• What is required:
Take the entries that follow and return exactly the lines from the one holding "Creative Property Poster Template" through the one holding "MDWO2019426-802903995218-2024-03-08-00-14-50 106 Pine", both included. Nothing else is needed.

• Material provided:

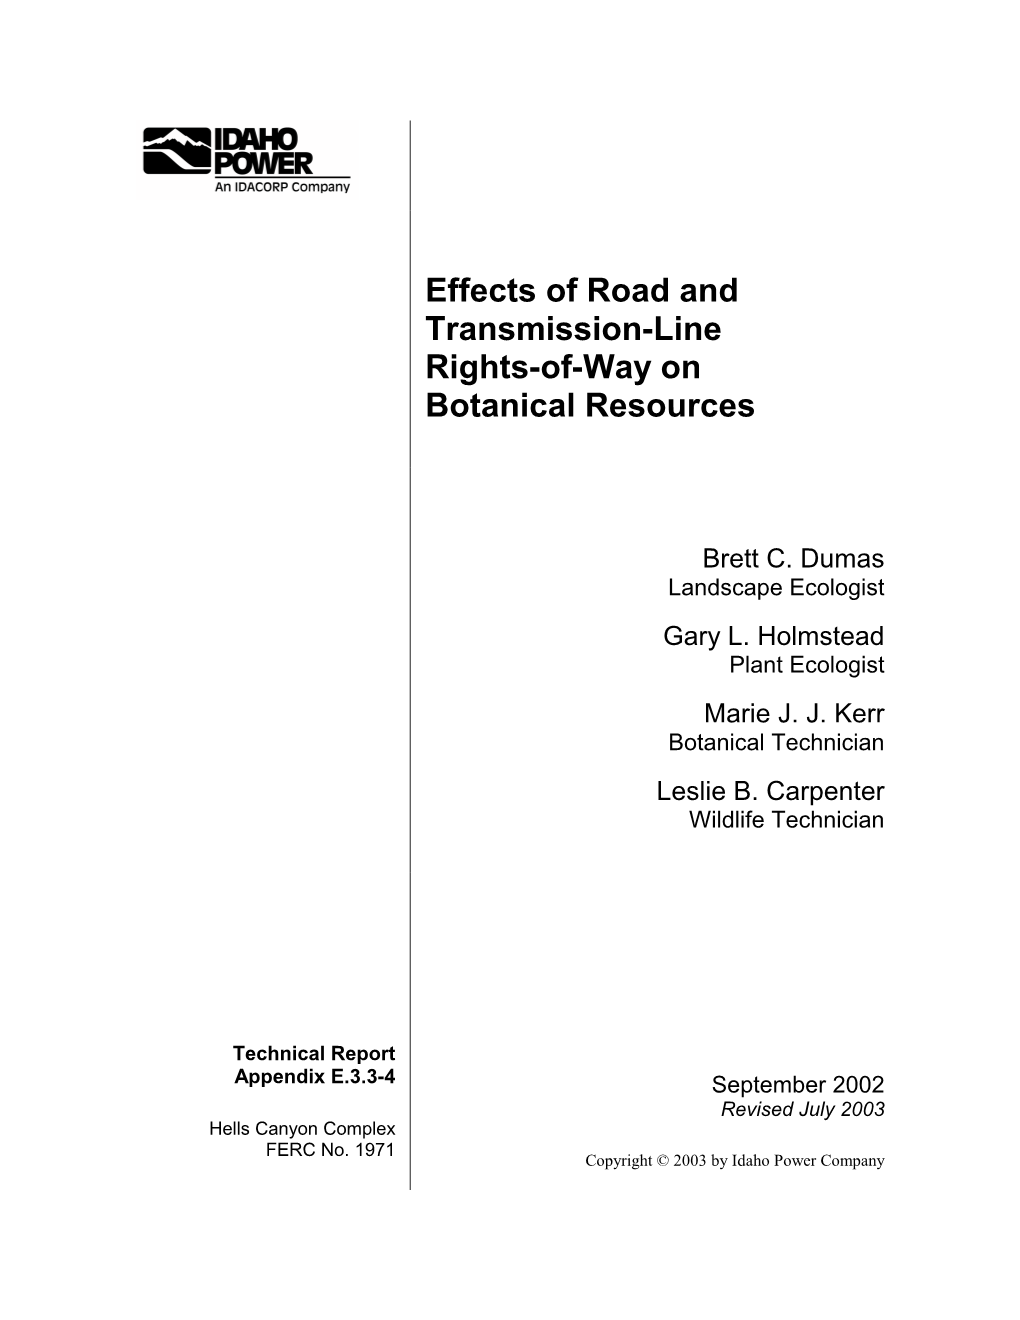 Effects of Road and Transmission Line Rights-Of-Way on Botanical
---
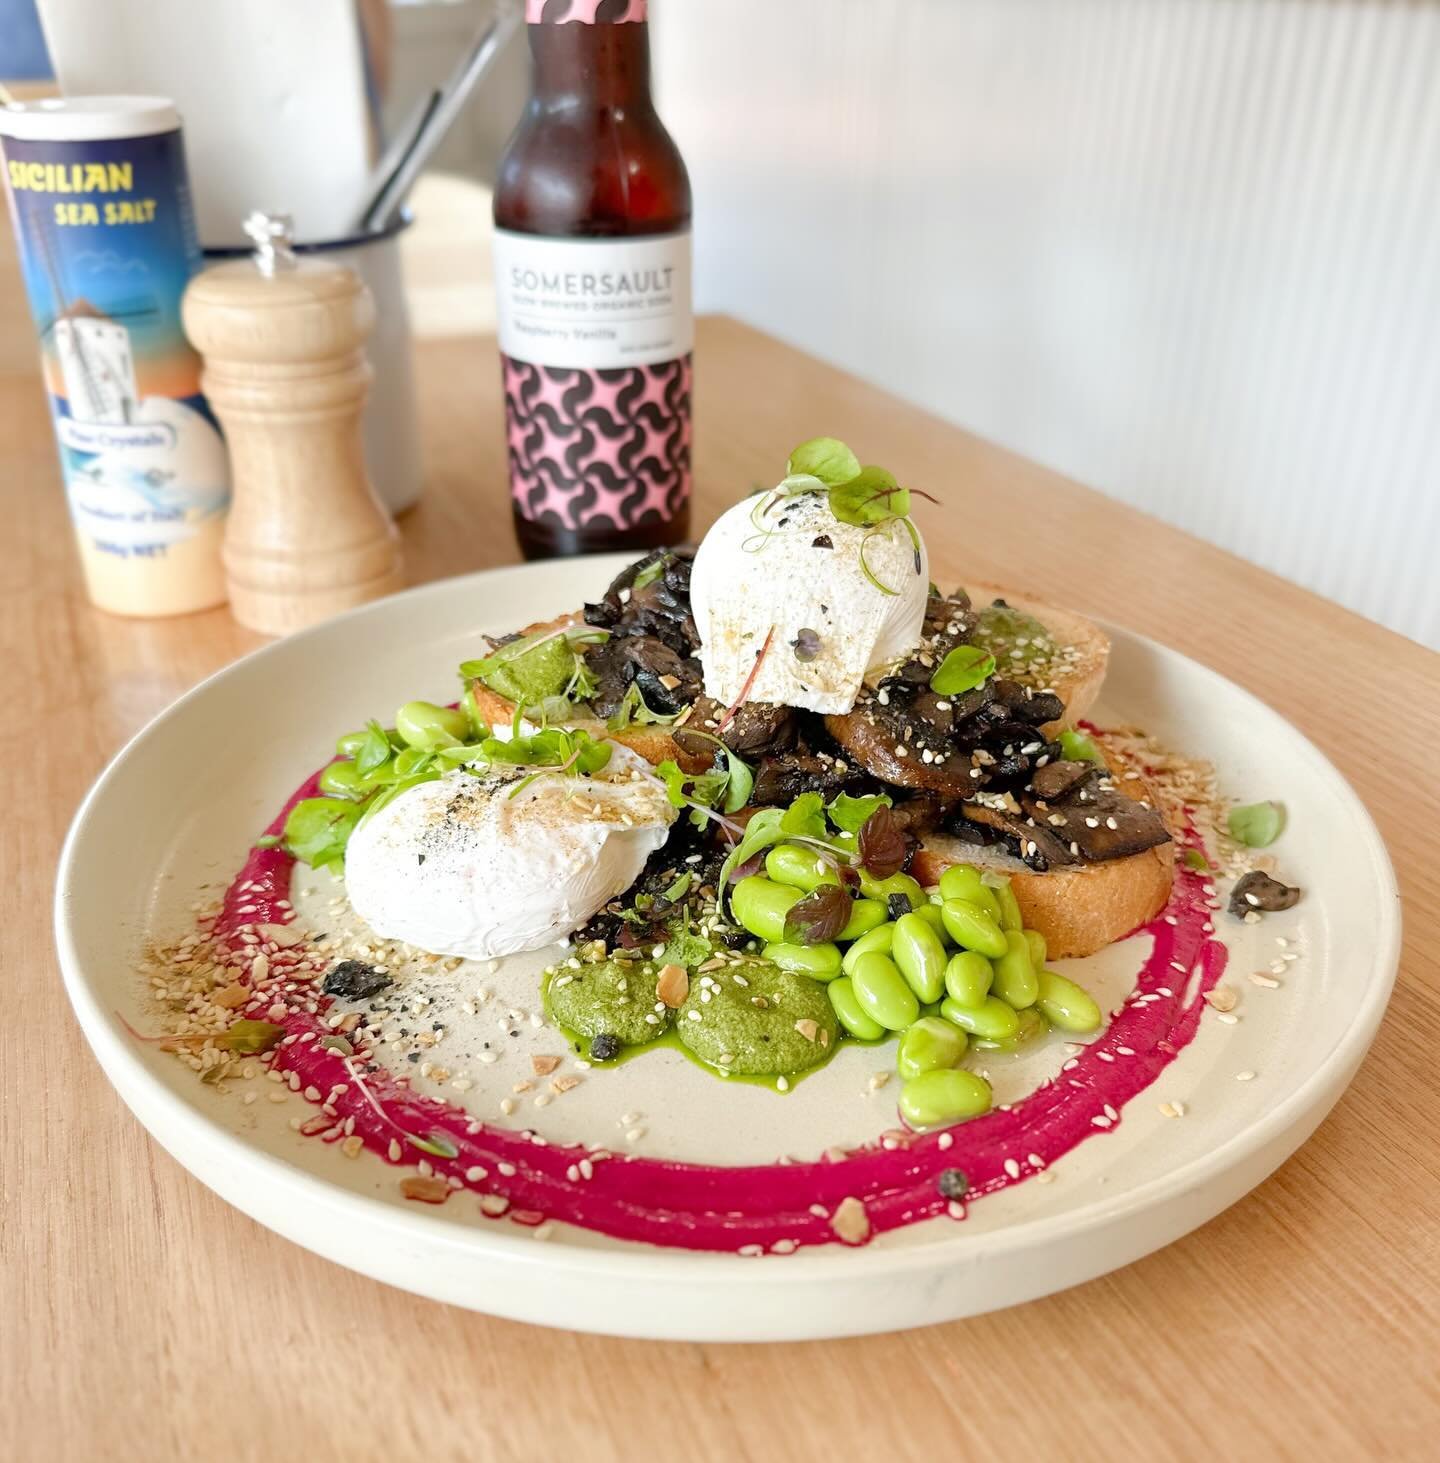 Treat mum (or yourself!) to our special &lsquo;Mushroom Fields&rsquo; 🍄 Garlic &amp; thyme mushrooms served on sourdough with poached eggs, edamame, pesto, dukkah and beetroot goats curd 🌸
---
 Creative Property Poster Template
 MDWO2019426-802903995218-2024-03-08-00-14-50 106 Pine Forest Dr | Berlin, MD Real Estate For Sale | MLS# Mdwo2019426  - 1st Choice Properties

• Task answer:
 Creative Property Poster Template
 MDWO2019426-802903995218-2024-03-08-00-14-50 106 Pine Forest Dr | Berlin, MD Real Estate For Sale | MLS# Mdwo2019426  - 1st Choice Properties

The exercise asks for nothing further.